» **WHAT IS REQUIRED**
With the pictures left out, retype exactly the lines below starting at the line that contains "P129 - Salt and pepper pear diamond" and ending at the line that contains "Sammy Leather Loafer".

» **THE RECORDS**
╭──

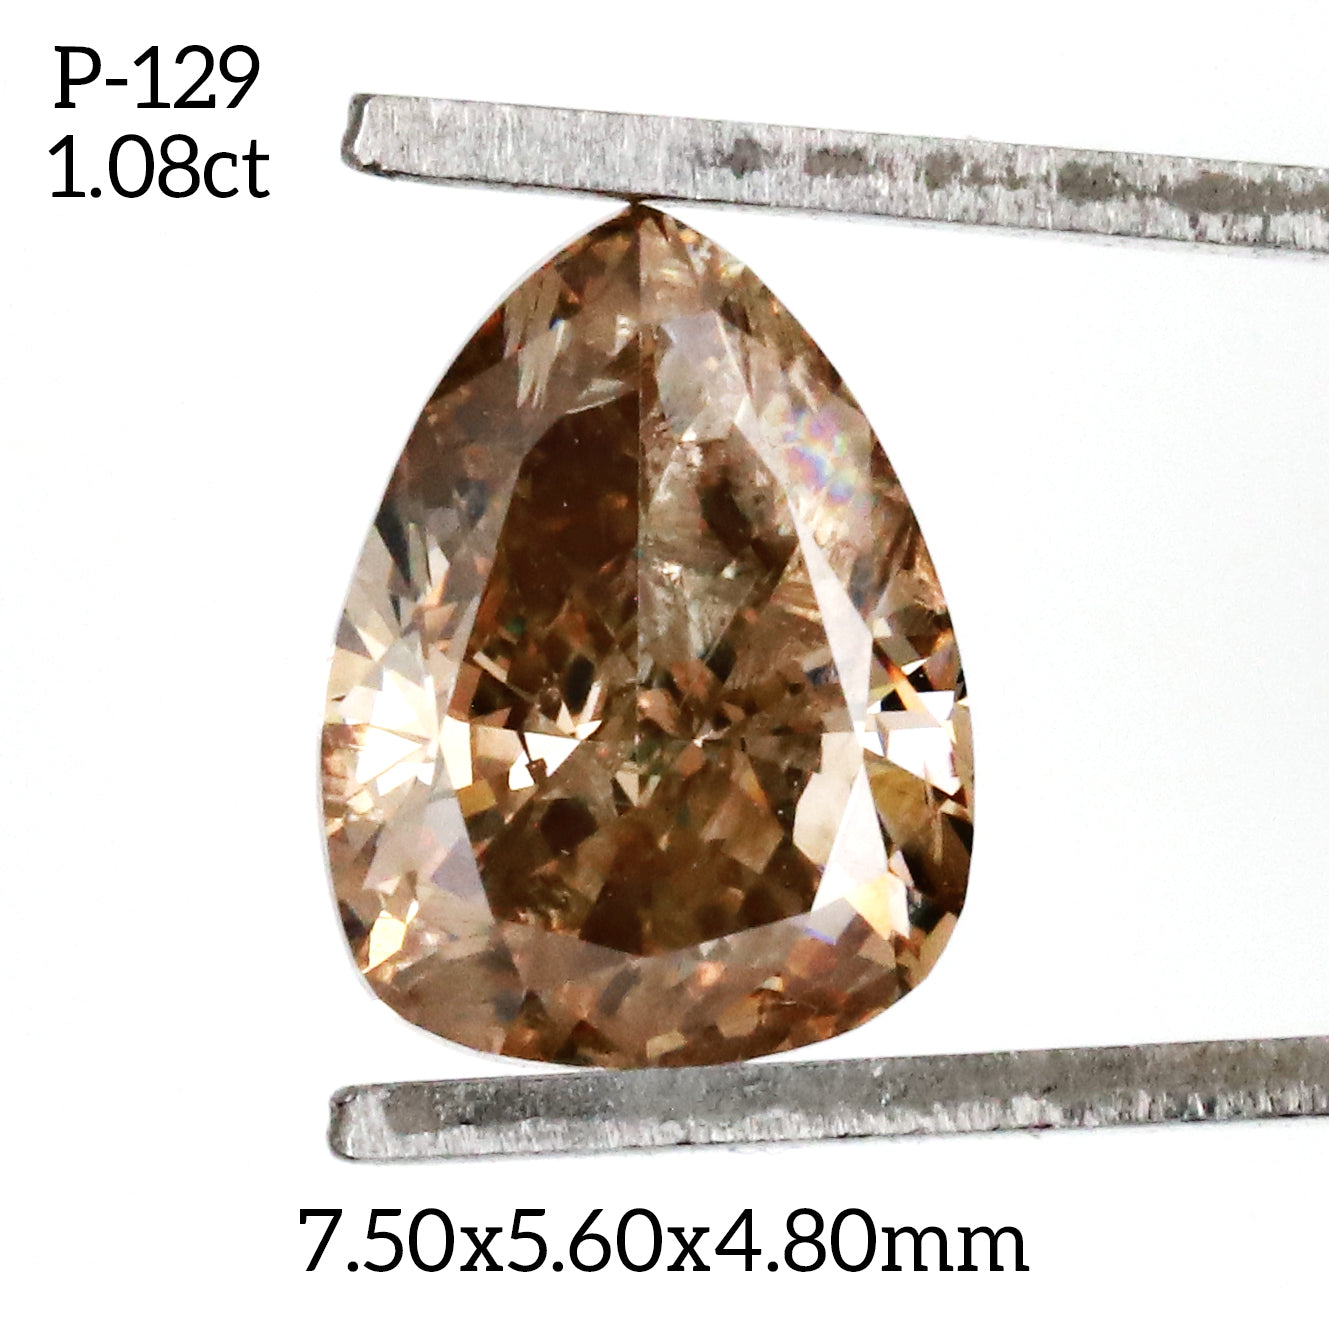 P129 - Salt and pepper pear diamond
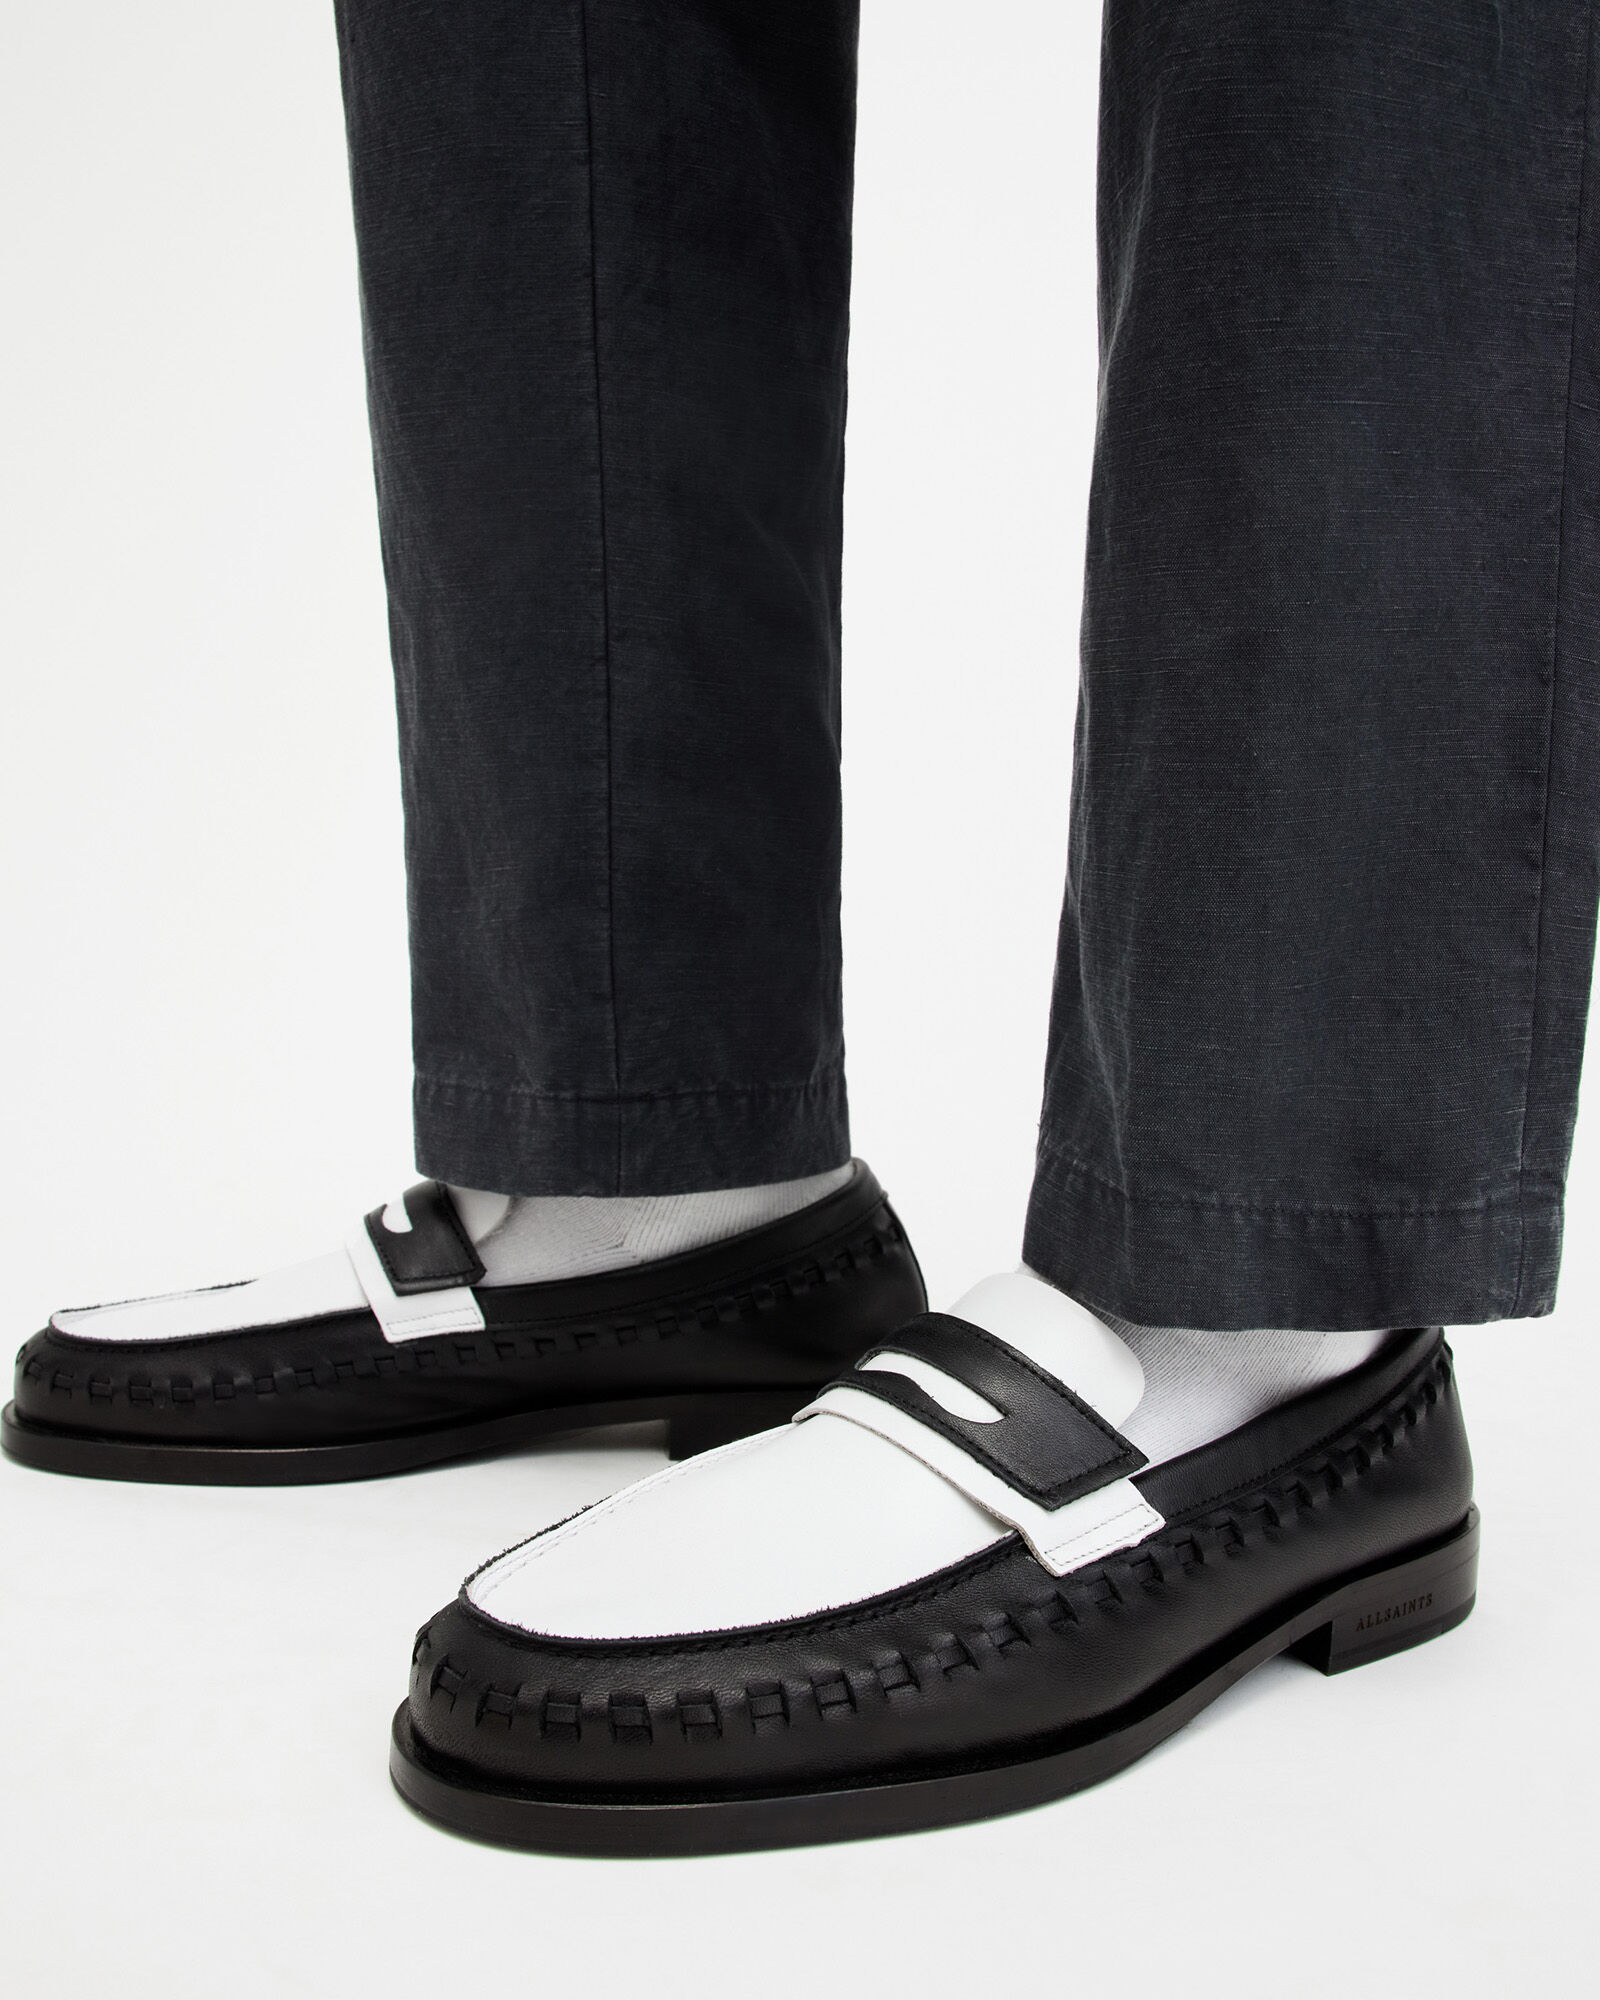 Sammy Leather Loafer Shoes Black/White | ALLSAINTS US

╰──
╭──

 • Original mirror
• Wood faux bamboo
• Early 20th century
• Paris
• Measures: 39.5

╰──

» **TASK ANSWER**
 P129 - Salt and pepper pear diamond
 Sammy Leather Loafer Shoes Black/White | ALLSAINTS US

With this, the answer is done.